> **Problem details**: Reproduction of part of the material below, pictures omitted: copy exactly, and only, the lines starting with the one with "Wir unterstützen Tierheime" and going on through the one with "Final Fantasy XV".

> **Data extracts**:
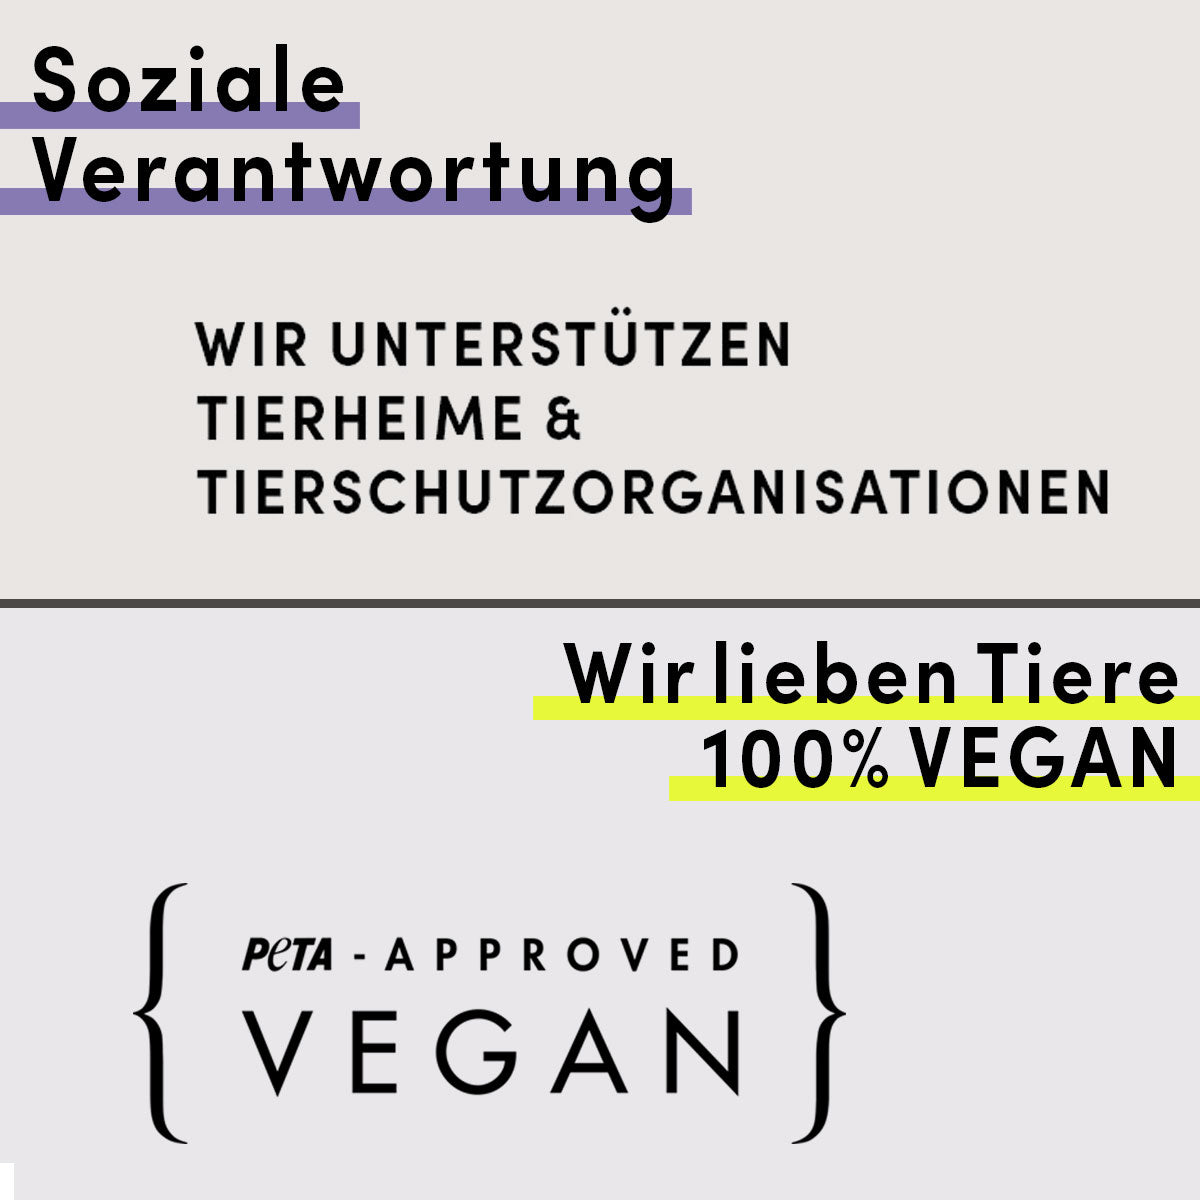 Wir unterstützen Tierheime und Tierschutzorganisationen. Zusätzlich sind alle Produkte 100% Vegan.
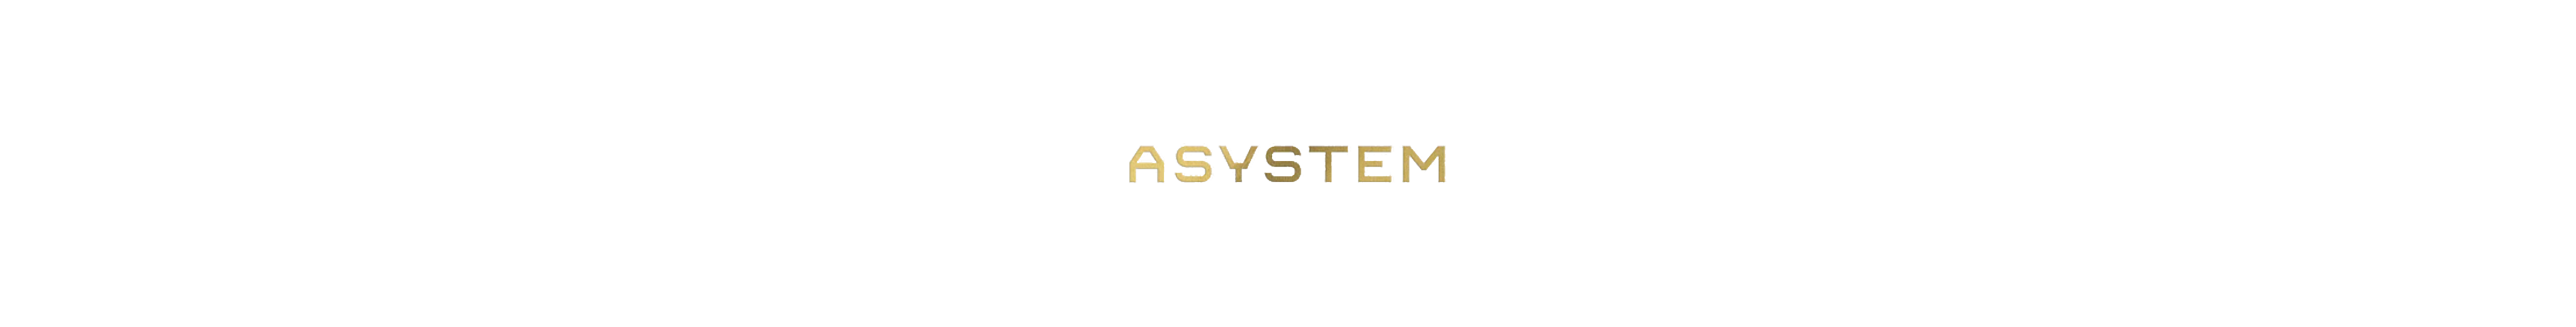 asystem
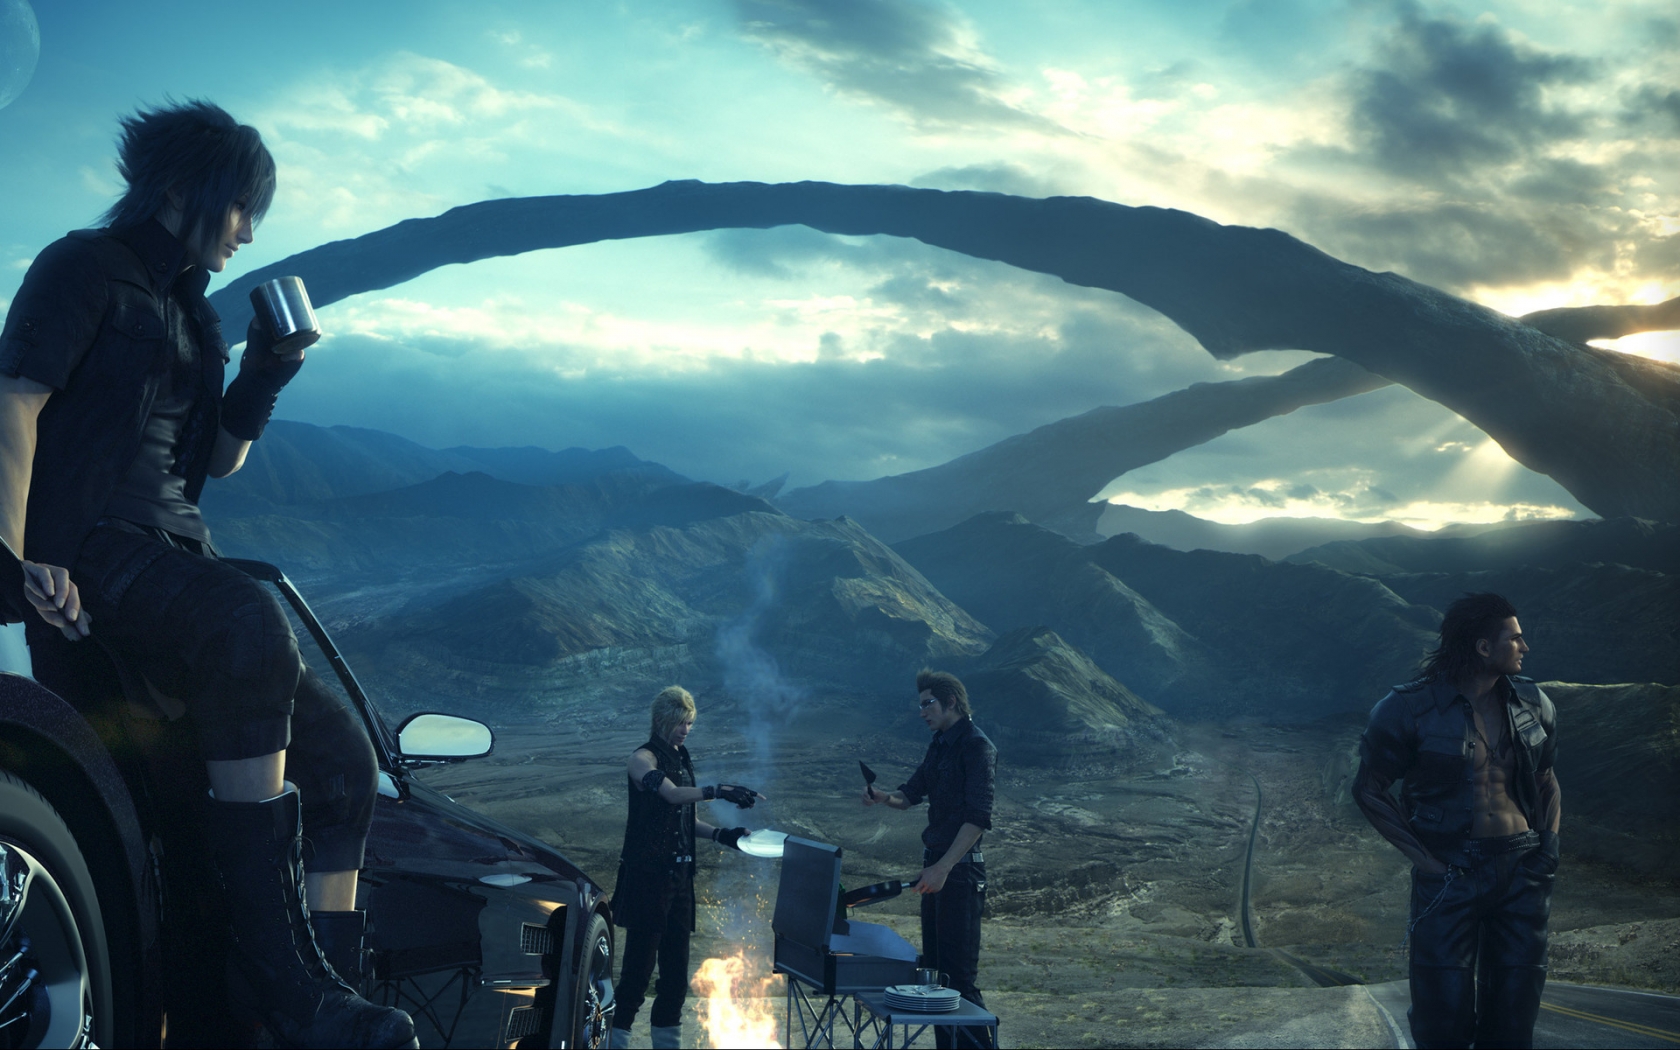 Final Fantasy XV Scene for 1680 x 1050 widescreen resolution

==

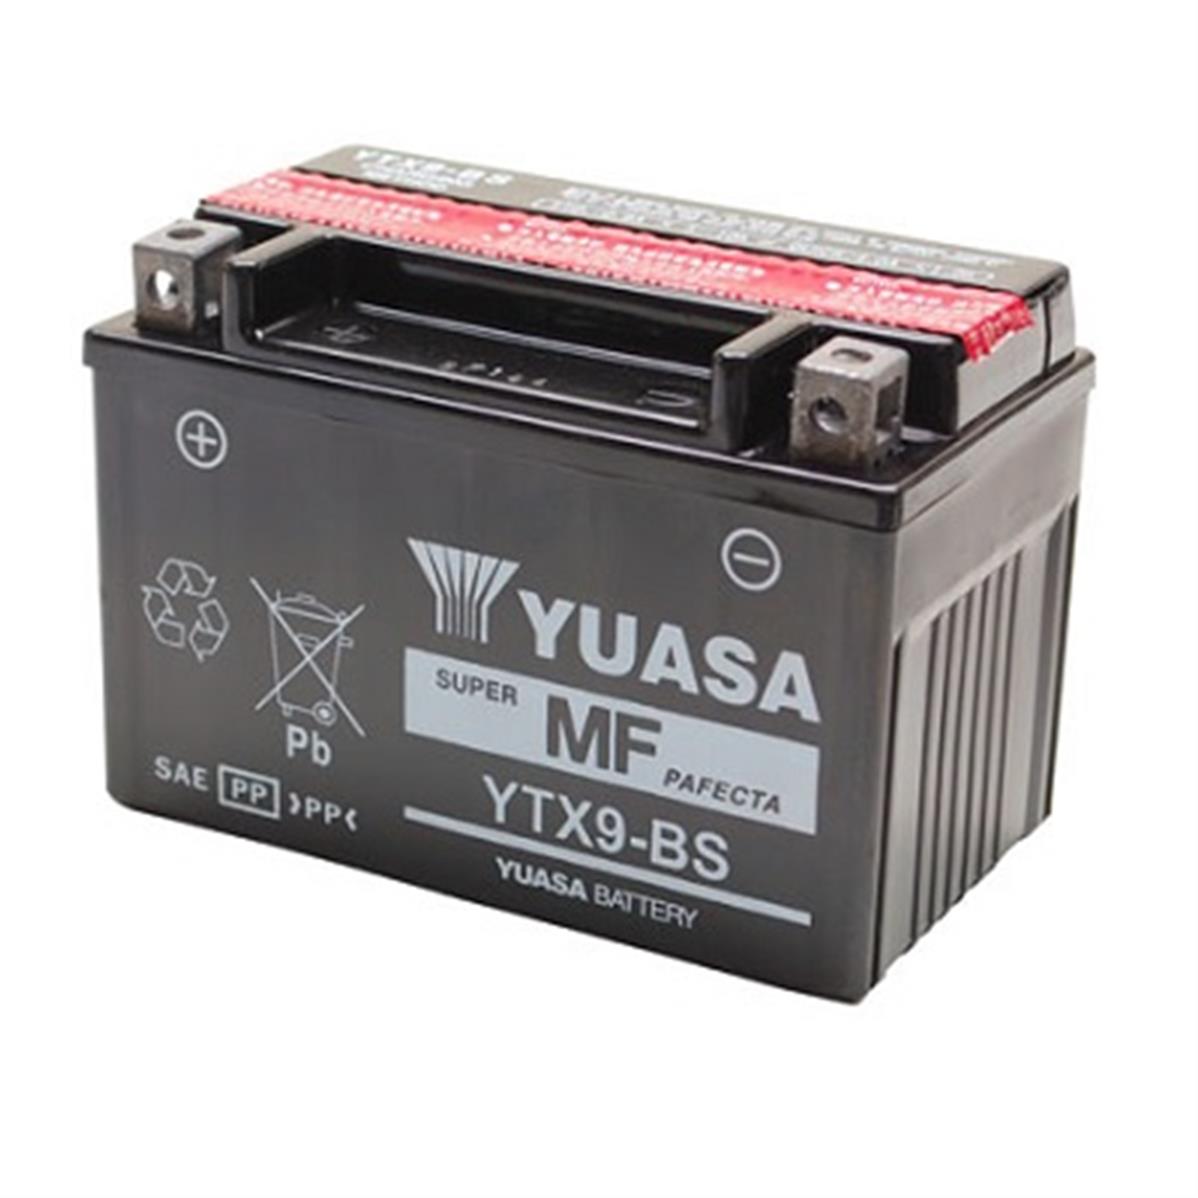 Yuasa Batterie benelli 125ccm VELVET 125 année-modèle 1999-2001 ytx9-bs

> **Answer space**:
 Wir unterstützen Tierheime und Tierschutzorganisationen. Zusätzlich sind alle Produkte 100% Vegan.
 asystem
 Final Fantasy XV Scene for 1680 x 1050 widescreen resolution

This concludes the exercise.